The Core Principles of Persuasive Copy
Great marketing copy does one thing: it moves the reader from where they are to where you want them to be. That might be clicking a link, sending a DM, making a purchase, or simply thinking differently about your brand.
Two frameworks give you the structure to make this happen consistently.
The AIDA Framework
AIDA stands for Attention, Interest, Desire, Action. It maps the journey from a stranger seeing your post for the first time to taking the action you want.
- Attention: Stop the scroll. The first line, the headline, or the opening frame of your video must give someone a reason to pause.
- Interest: Build curiosity or relevance. Why should this person keep reading or watching?
- Desire: Create want. Focus on benefits — how does this product or service improve the reader's life?
- Action: Tell them exactly what to do next. Be specific.
Example (beauty product, Facebook post):
- Attention: "မိုးရာသီမှာ မျက်နှာသားမှ ပျော့ပြောင်းနေသလား?" (Is your skin getting oily in the rainy season?)
- Interest: "ချောချောမွေ့မွေ့နေဖို့ face mist တစ်ချောင်းဆဲဆဲနဲ့ ဖြေရှင်းနိုင်တယ်"
- Desire: "မိုးမရွာသေးခင် skin ကို refresh လုပ်ပြီး တိတိကျကျနေဖို့ ဒီ face mist က ၅ မိနစ်ထဲ ကောင်းမွန်တဲ့ skin ပြန်ရစေတယ်"
- Action: "DM လုပ်ပြီး ယနေ့ပဲ မှာယူလိုက်ပါ"
The PAS Framework
PAS stands for Problem, Agitate, Solution. It is shorter and more direct than AIDA — ideal for TikTok captions, Telegram messages, and short ads.
- Problem: Name the pain point your audience is experiencing
- Agitate: Make the problem feel more real and urgent
- Solution: Present your product or service as the answer
Example (food delivery service, TikTok caption):
- Problem: "ညနေ ၆ နာရီ ဘာချက်ရမှာလဲ မသိဘူးဆိုတဲ့ feeling"
- Agitate: "မချက်ချင်ဘူး၊ မပြင်ချင်ဘူး၊ ဆိုင်ထွက်ရောက်မပါတော့ဘူး"
- Solution: "30 မိနစ်ထဲ နေအိမ်ရောက်ဖို့ မှာယူပါ ☎️ [number]"
Benefits vs. Features
Features describe what a product is. Benefits describe what it does for the customer. Myanmar consumers — like all consumers — buy benefits.
| Feature | Benefit |
|---|---|
| ဆပ်ပြာပါဝင်ပစ္စည်း မပါဝင်သော | သားရေပျက်စီးမှုမရှိဘဲ တစ်ရက်တာ ချောချောမွေ့မွေ့နေနိုင်သည် |
| 10,000mAh battery | တစ်ရက်ပတ်လုံး charge ထပ်ဖို့ ပူပင်ရတော့မည်မဟုတ် |
| တရုတ်နိုင်ငံထုတ် မဟုတ်ဘဲ locally sourced | မြန်မာ့နယ်မြေမှ တိုက်ရိုက်သောက်နိုင်တဲ့ ကောင်းသောရေ |
Train yourself to read every feature you write and ask: "So what? What does this mean for the customer?" The answer is your benefit.

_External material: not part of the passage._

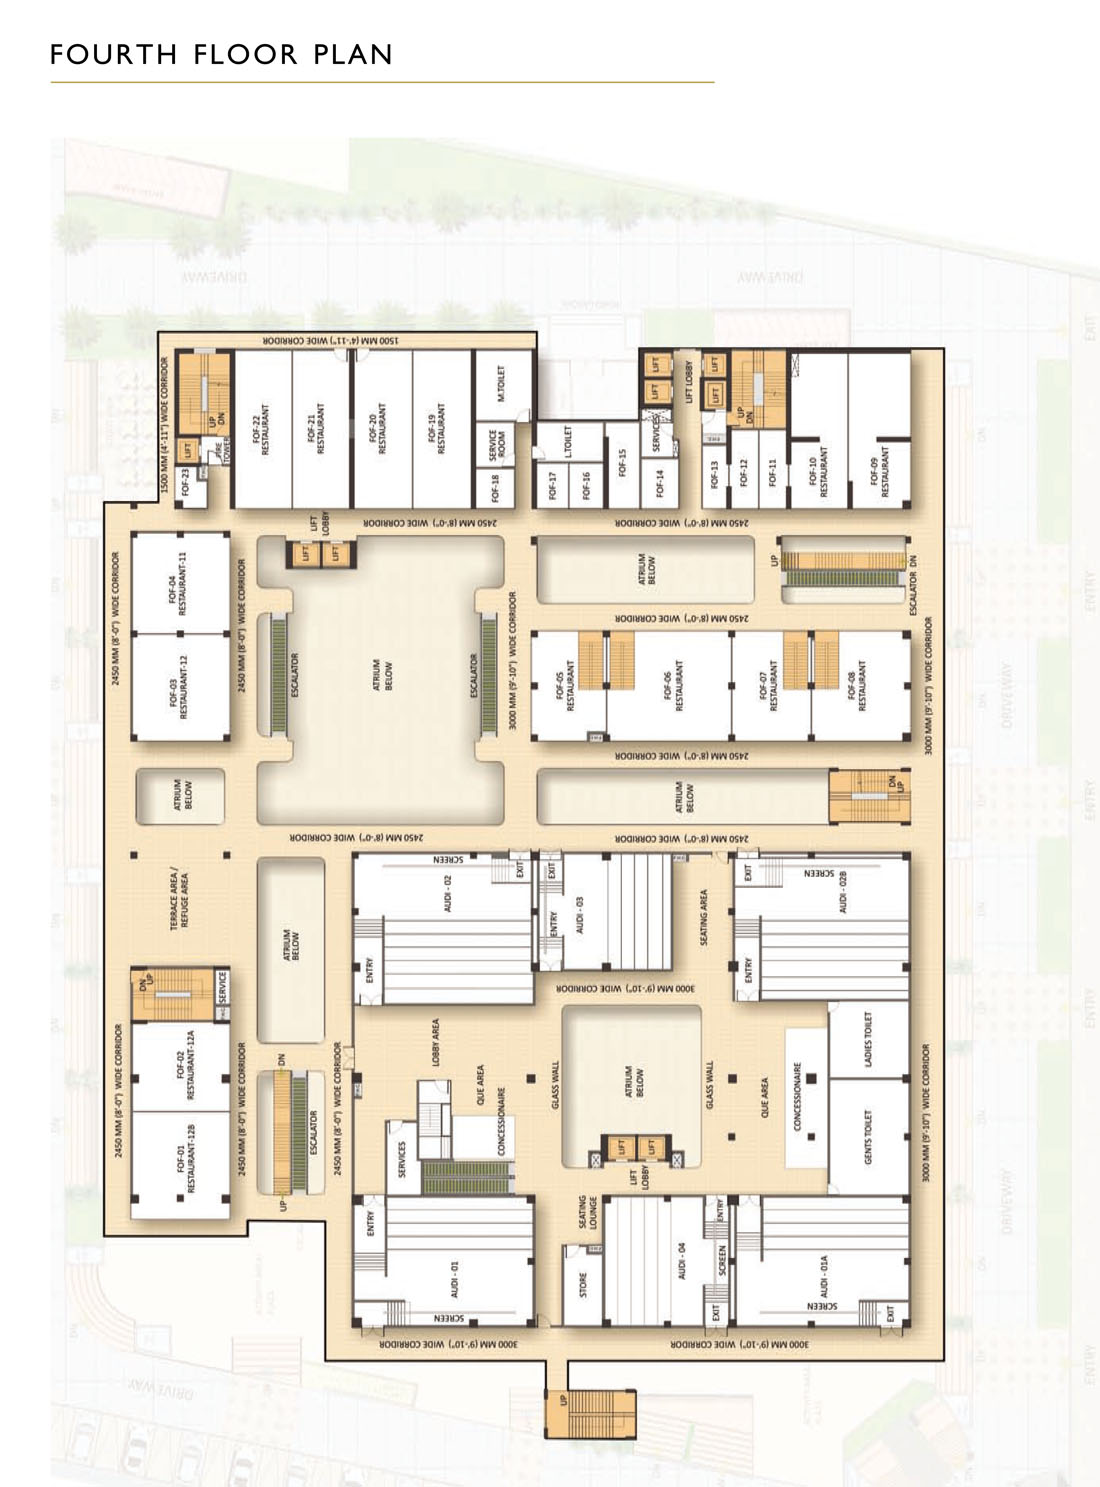 Fourth Floor Plan | Multiplex / Restaurants

Headline Formulas That Work
Your headline or post hook determines whether anyone reads what comes next. These formulas perform consistently in Myanmar digital marketing:
1. The Direct Question
"မနက်ဖြန် interview ရှိလျှင် ဘာဝတ်ရမည်နည်း?"
Speaks directly to a specific situation the audience is in. Questions invite mental engagement.
2. The Number
"ရောင်းမပြတ်ဖို့ ကိုယ်ပိုင်ပစ္စည်း ၇ မျိုးပြင်ဆင်ပါ"
Numbers promise specificity and make the content feel actionable rather than vague.
3. The Warning / Mistake Format
"TikTok ad ပေါ်မှာ ငွေဆုံးစေတဲ့ အမှားတွေ"
Negative framing (what to avoid) often outperforms positive framing (what to do) because it creates fear of loss, which is a stronger motivator than the promise of gain.
4. The Before/After
"တစ်လအတွင်း ၃ ကျပ်သောင်းမှ ၃ သိန်းကို ရောင်းနိုင်ခဲ့သော ပုံစံ"
Concrete transformation stories are highly shareable and relatable.
5. The How-To
"Facebook ad ကို ကျပ် ၅,000 ထဲနဲ့ run နည်း"
How-to formats promise practical value and perform well in educational content.
Burmese Copywriting Considerations
Writing copy in Burmese — or in Burmese-English code-switching — requires cultural awareness that goes beyond translation.
Formal vs. Informal Register
Burmese has distinct formal and informal registers. Formal language (using terms like ကျွန်တော်/ကျွန်မ) is appropriate for B2B content, government or institutional messaging, and high-end luxury brands. For most consumer marketing — especially on TikTok and Facebook — informal, conversational language (using တပည့်, ငါ in very casual contexts, or simply dropping the formality while still using polite particles) connects better with audiences.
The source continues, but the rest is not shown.